→ **What you should do**: Locate, in the data below, the line that contains "أفغانستان.. طالبان تحتجز" and the line that contains "兆康&鈴芳_婚儀_新莊香草花緣餐廳(編號:287473) - Baby"; reproduce exactly those two lines and every line between them, nothing more.

(Records from a collection)
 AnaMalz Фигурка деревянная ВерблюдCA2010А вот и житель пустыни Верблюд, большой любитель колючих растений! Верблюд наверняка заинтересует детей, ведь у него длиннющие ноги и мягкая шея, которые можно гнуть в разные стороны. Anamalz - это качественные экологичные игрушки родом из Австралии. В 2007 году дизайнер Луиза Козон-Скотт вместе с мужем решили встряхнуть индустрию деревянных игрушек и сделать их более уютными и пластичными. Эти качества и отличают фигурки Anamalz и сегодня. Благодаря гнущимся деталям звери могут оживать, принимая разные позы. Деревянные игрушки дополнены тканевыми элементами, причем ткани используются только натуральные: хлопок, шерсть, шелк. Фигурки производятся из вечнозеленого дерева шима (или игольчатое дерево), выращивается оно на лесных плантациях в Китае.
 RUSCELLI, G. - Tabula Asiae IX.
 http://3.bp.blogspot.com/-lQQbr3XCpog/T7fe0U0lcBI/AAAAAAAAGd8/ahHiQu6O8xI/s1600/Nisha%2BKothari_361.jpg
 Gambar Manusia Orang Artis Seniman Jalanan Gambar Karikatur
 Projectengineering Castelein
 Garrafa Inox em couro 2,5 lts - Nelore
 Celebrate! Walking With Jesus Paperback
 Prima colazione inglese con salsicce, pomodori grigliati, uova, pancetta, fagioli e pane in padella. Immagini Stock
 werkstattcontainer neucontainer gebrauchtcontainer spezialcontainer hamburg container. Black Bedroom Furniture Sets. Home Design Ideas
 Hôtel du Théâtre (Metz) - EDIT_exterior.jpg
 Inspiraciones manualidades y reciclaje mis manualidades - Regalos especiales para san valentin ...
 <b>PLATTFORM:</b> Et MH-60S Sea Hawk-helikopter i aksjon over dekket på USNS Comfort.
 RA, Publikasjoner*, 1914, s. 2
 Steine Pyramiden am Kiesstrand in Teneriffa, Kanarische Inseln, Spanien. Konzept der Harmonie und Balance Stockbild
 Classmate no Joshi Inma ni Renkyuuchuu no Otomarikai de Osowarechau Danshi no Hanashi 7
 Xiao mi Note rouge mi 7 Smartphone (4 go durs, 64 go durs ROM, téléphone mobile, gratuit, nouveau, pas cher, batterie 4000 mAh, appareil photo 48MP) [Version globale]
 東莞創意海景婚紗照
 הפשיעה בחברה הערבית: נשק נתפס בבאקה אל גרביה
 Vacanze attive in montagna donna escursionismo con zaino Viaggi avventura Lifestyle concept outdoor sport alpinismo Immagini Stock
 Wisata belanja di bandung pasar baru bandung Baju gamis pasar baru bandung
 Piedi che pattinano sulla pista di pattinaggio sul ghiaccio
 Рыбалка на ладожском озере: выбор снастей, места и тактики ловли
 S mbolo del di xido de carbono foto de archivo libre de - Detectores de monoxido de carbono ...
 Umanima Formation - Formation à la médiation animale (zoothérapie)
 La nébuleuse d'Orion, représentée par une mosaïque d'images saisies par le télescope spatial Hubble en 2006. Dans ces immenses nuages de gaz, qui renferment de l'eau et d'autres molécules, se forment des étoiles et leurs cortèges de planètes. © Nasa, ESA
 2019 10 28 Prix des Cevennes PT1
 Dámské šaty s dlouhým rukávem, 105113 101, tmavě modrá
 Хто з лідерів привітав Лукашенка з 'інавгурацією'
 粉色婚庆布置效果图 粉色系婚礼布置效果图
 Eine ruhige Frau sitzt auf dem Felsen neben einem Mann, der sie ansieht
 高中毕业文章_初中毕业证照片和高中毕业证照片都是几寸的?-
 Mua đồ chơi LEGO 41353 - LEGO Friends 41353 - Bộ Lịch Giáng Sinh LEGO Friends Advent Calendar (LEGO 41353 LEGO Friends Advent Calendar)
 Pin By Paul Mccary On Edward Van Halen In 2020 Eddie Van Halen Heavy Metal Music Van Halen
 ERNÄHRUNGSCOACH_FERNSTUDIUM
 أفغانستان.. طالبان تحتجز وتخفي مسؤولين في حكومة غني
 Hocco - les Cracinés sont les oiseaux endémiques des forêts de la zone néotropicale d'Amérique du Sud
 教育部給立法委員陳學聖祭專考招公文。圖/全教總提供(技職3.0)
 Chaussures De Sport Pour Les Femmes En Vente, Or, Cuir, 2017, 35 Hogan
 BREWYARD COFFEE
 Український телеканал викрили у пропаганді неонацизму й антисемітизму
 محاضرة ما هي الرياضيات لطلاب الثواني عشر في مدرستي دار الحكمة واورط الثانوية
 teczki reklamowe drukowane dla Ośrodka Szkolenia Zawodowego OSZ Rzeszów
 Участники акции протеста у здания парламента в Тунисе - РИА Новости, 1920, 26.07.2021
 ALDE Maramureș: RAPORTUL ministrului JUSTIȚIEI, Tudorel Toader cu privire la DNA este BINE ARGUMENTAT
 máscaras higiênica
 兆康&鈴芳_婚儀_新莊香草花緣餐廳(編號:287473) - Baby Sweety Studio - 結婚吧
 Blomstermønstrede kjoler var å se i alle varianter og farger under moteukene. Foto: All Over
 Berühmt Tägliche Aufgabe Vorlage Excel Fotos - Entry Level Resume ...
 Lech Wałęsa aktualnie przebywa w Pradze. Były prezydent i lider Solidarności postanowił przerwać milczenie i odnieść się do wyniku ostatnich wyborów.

→ **Reply**:
 أفغانستان.. طالبان تحتجز وتخفي مسؤولين في حكومة غني
 Hocco - les Cracinés sont les oiseaux endémiques des forêts de la zone néotropicale d'Amérique du Sud
 教育部給立法委員陳學聖祭專考招公文。圖/全教總提供(技職3.0)
 Chaussures De Sport Pour Les Femmes En Vente, Or, Cuir, 2017, 35 Hogan
 BREWYARD COFFEE
 Український телеканал викрили у пропаганді неонацизму й антисемітизму
 محاضرة ما هي الرياضيات لطلاب الثواني عشر في مدرستي دار الحكمة واورط الثانوية
 teczki reklamowe drukowane dla Ośrodka Szkolenia Zawodowego OSZ Rzeszów
 Участники акции протеста у здания парламента в Тунисе - РИА Новости, 1920, 26.07.2021
 ALDE Maramureș: RAPORTUL ministrului JUSTIȚIEI, Tudorel Toader cu privire la DNA este BINE ARGUMENTAT
 máscaras higiênica
 兆康&鈴芳_婚儀_新莊香草花緣餐廳(編號:287473) - Baby Sweety Studio - 結婚吧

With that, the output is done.